(Beginning of INFORMATION SHOWN)

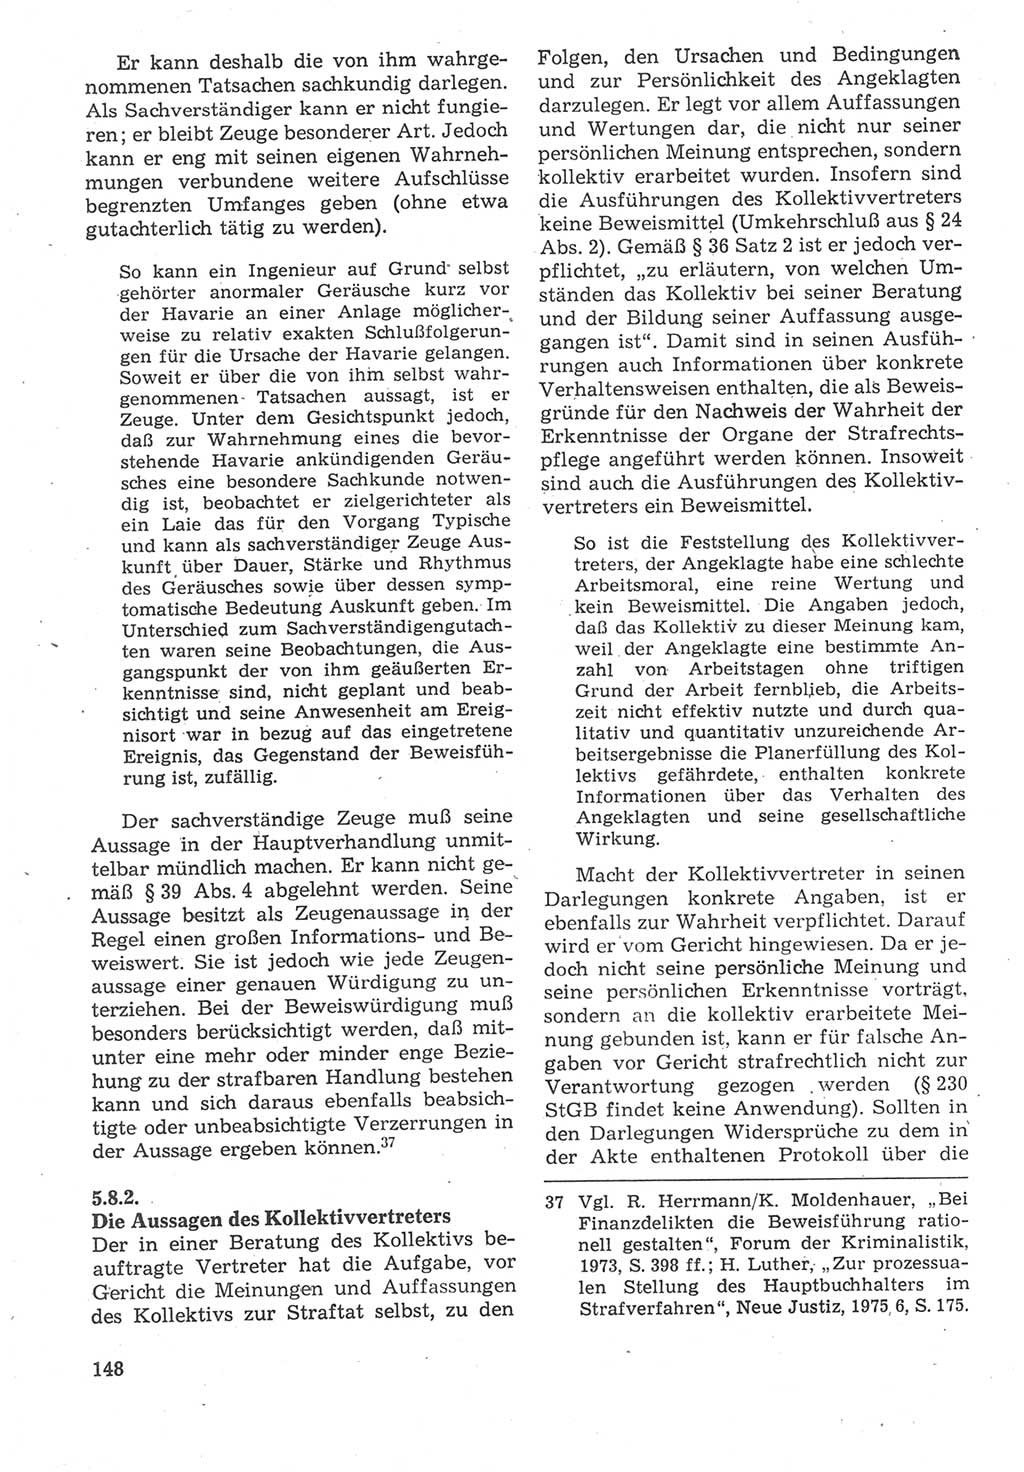 Strafverfahrensrecht [Deutsche Demokratische Republik (DDR)], Lehrbuch 1987, Seite 148 (Strafverf.-R. DDR Lb. 1987, S. 148)
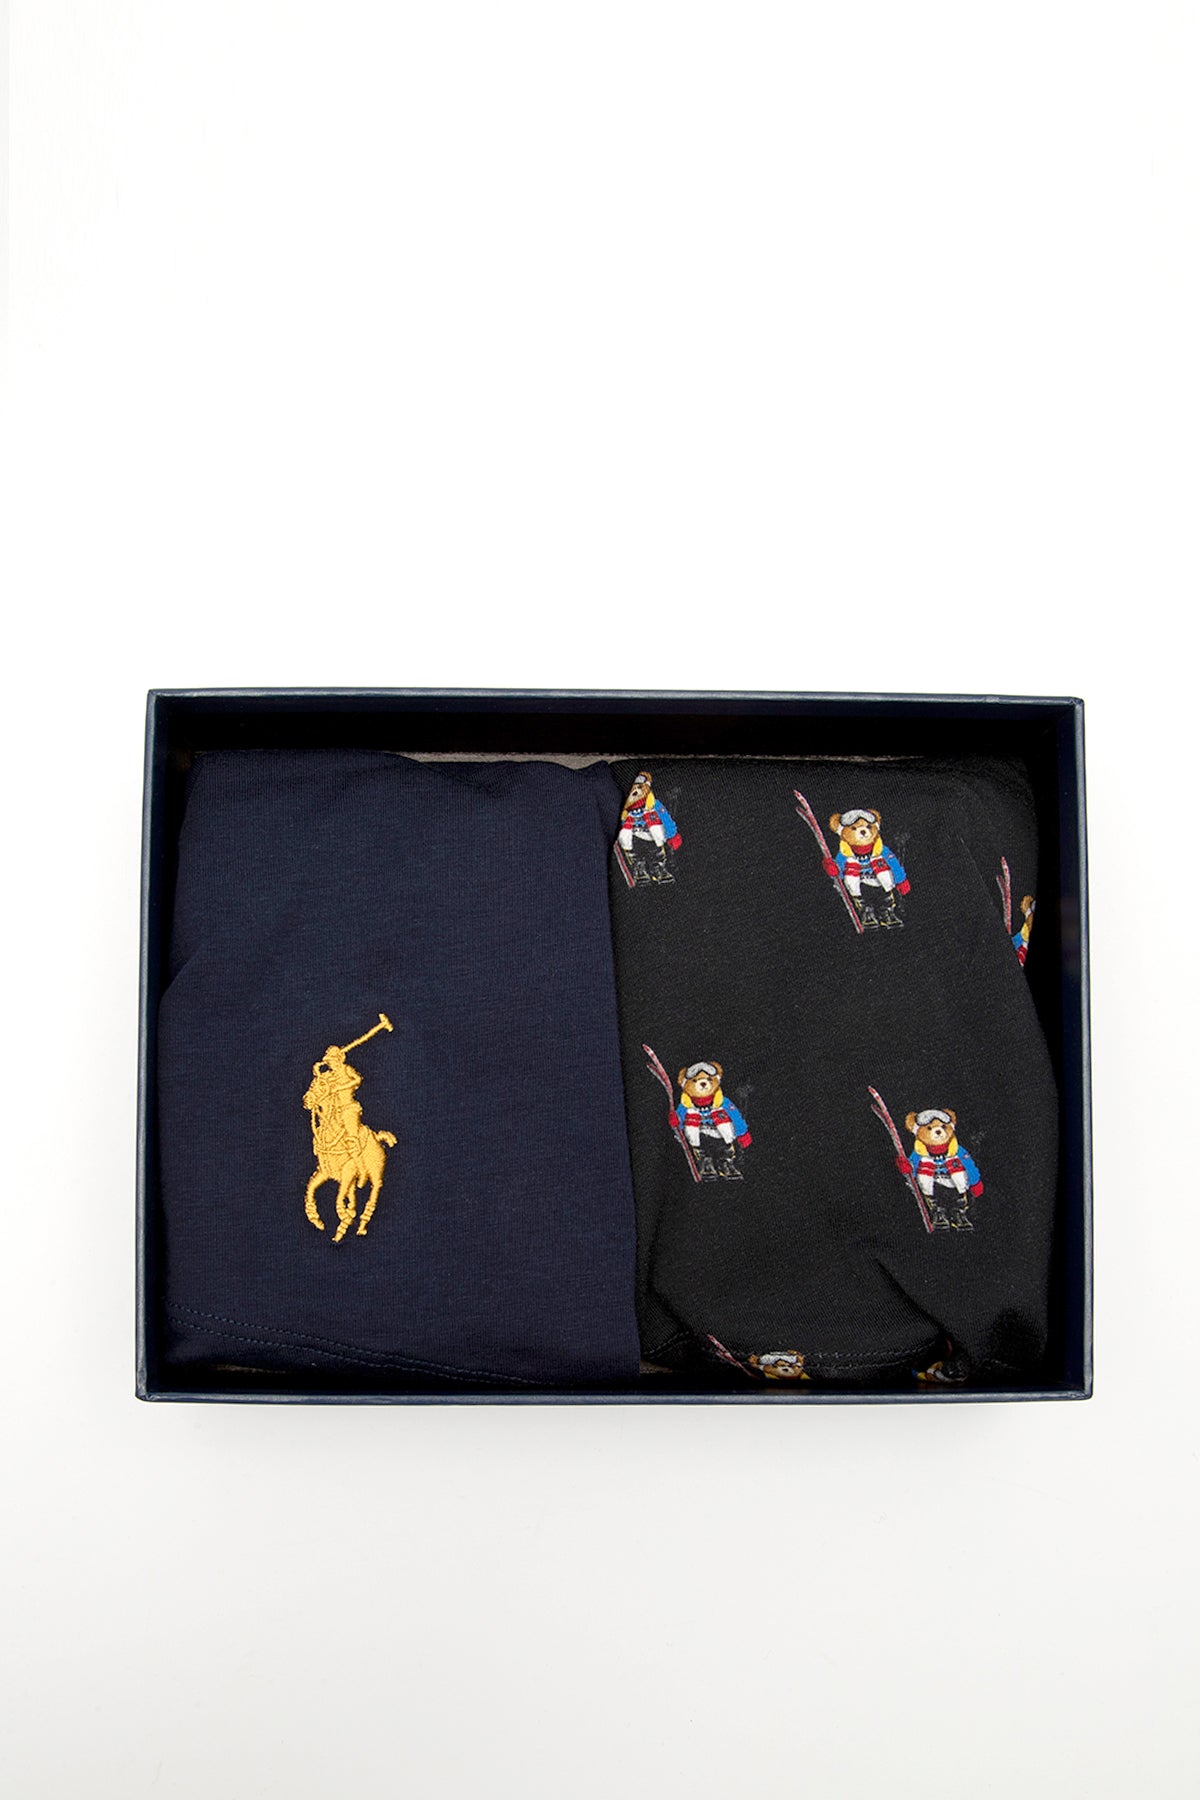 Polo Ralph Lauren 2'li Paket Polo Bear Streç Pamuklu Boxer-Libas Trendy Fashion Store
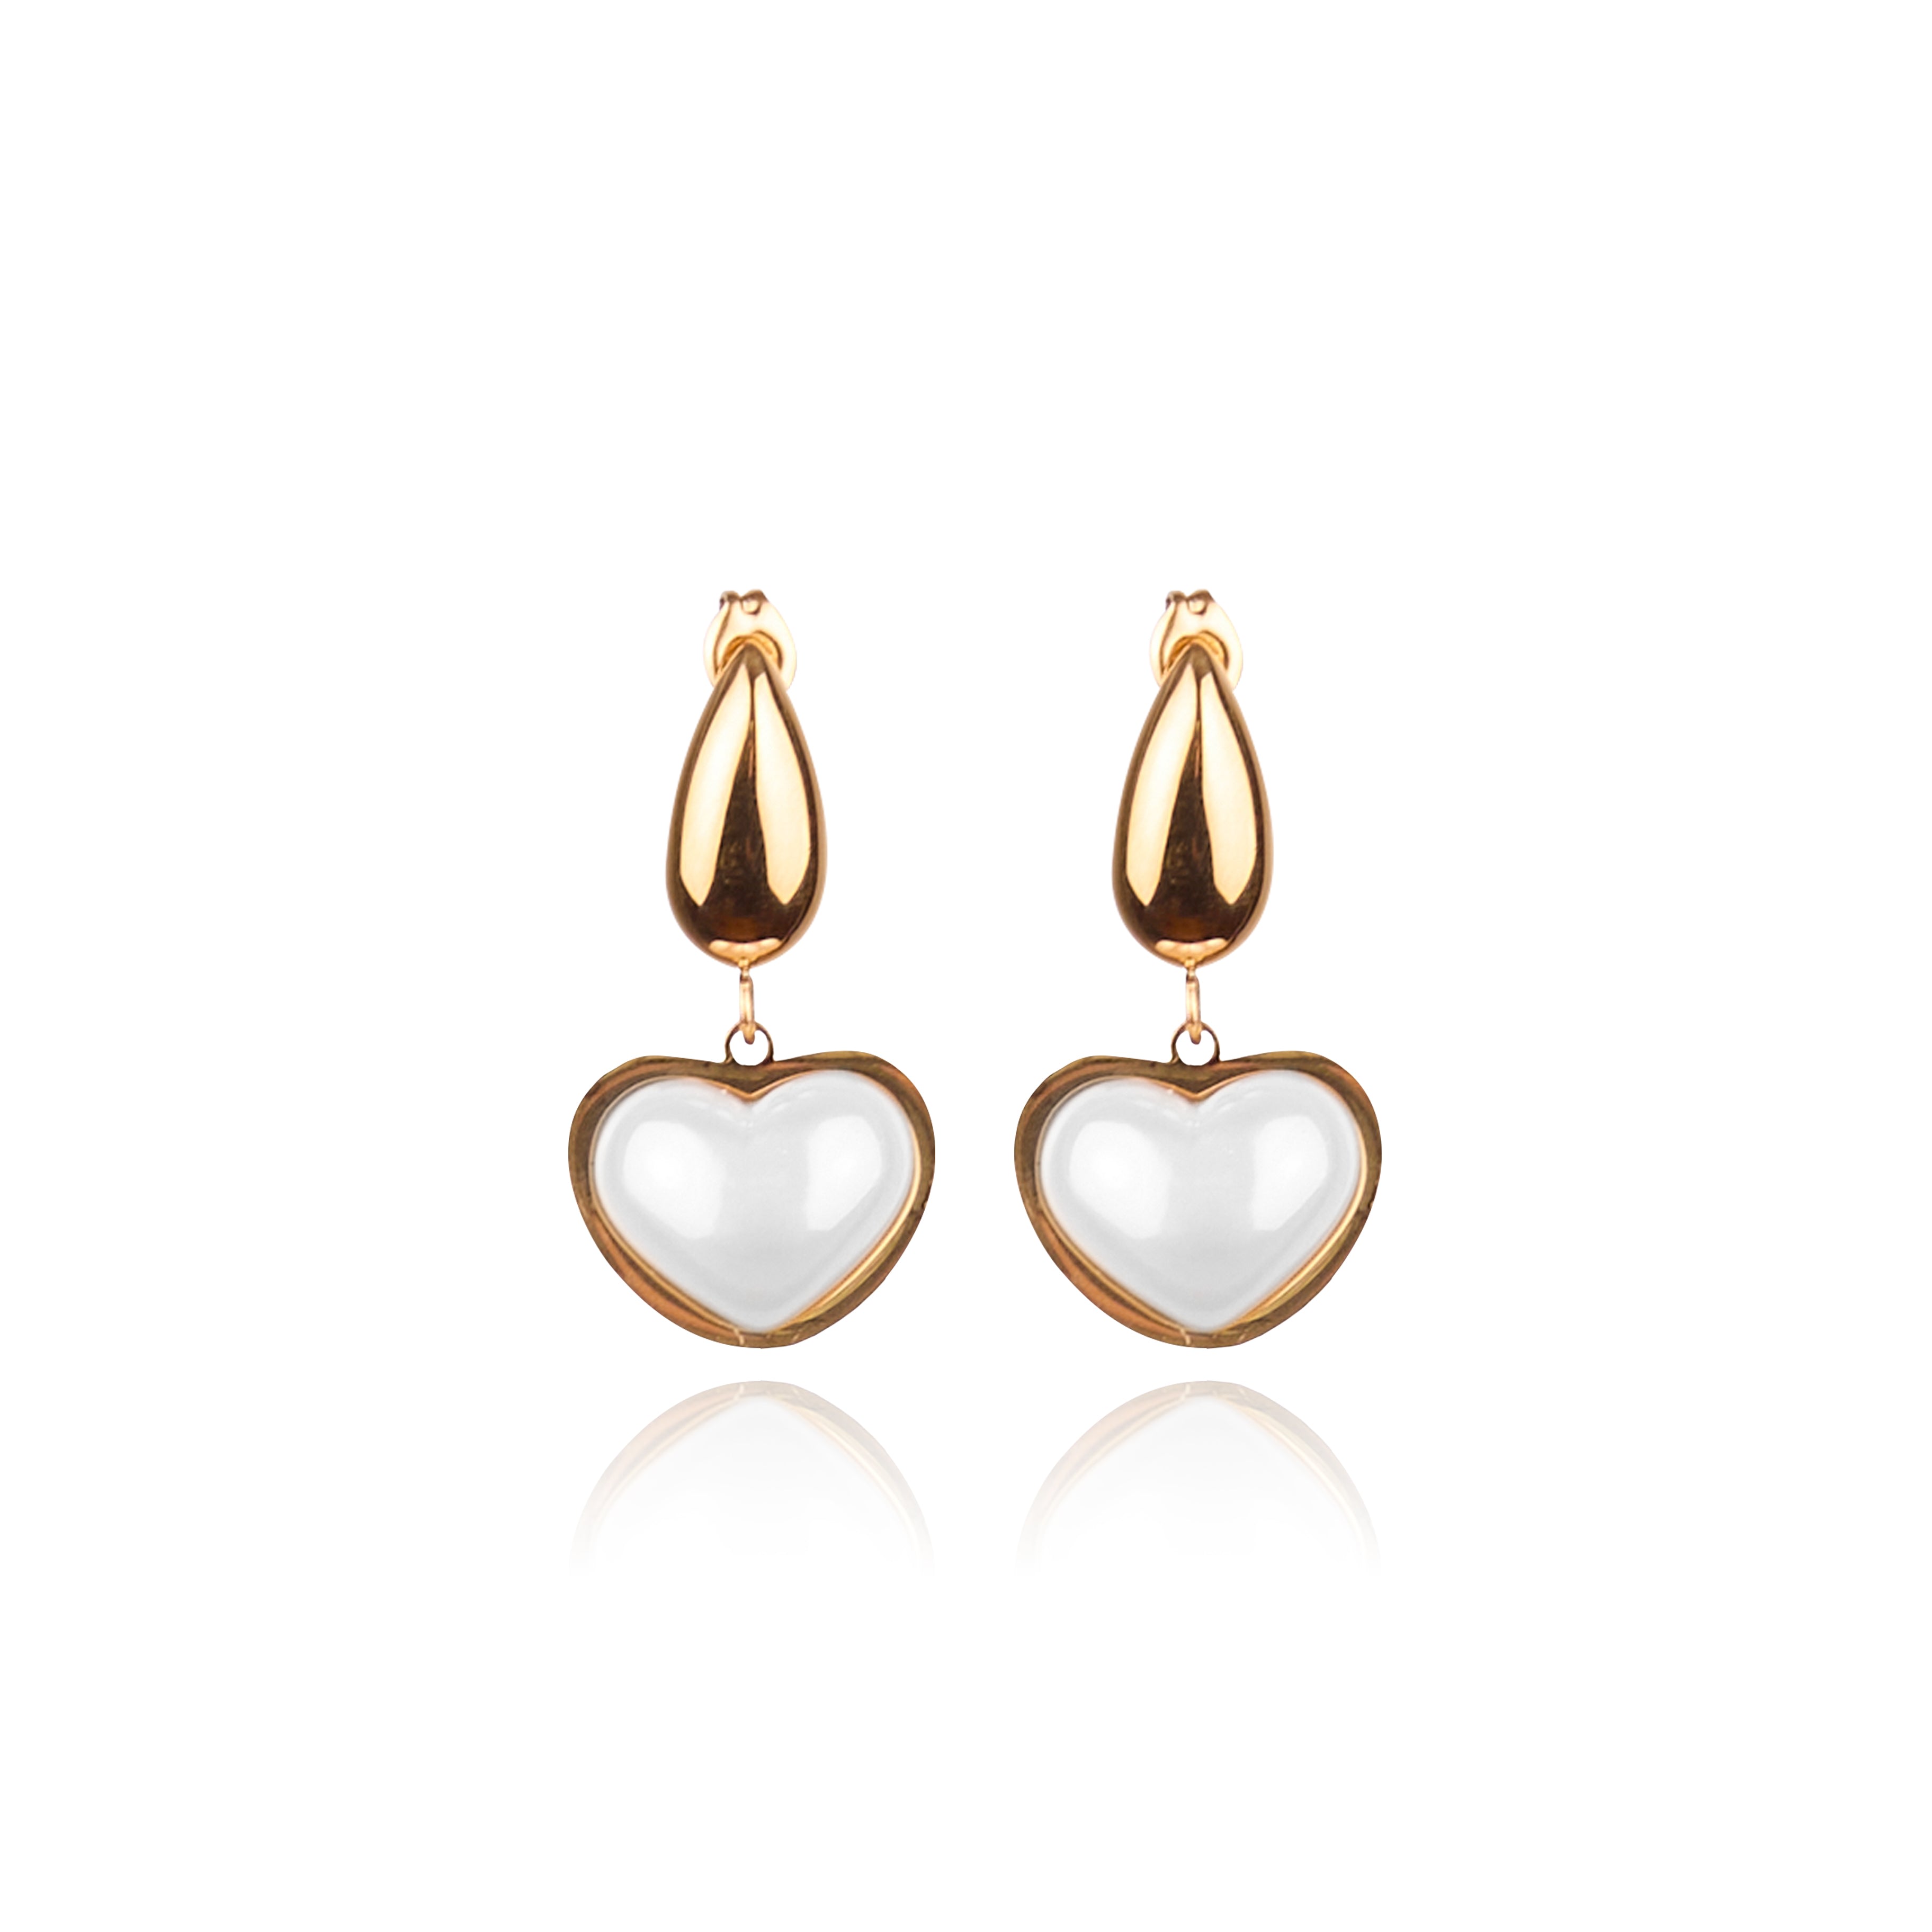 Tseatjewelry Women's Lucky Gold Plated Statement Earrings

(End of INFORMATION SHOWN)

_TASK DIRECTIONS_
Omitting all pictures, give the preceding listing again exactly.

_SOLUTION_
 Strafverfahrensrecht [Deutsche Demokratische Republik (DDR)], Lehrbuch 1987, Seite 148 (Strafverf.-R. DDR Lb. 1987, S. 148)
 Polo Ralph Lauren 2'li Paket Polo Bear Streç Pamuklu Boxer-Libas Trendy Fashion Store
 Tseatjewelry Women's Lucky Gold Plated Statement Earrings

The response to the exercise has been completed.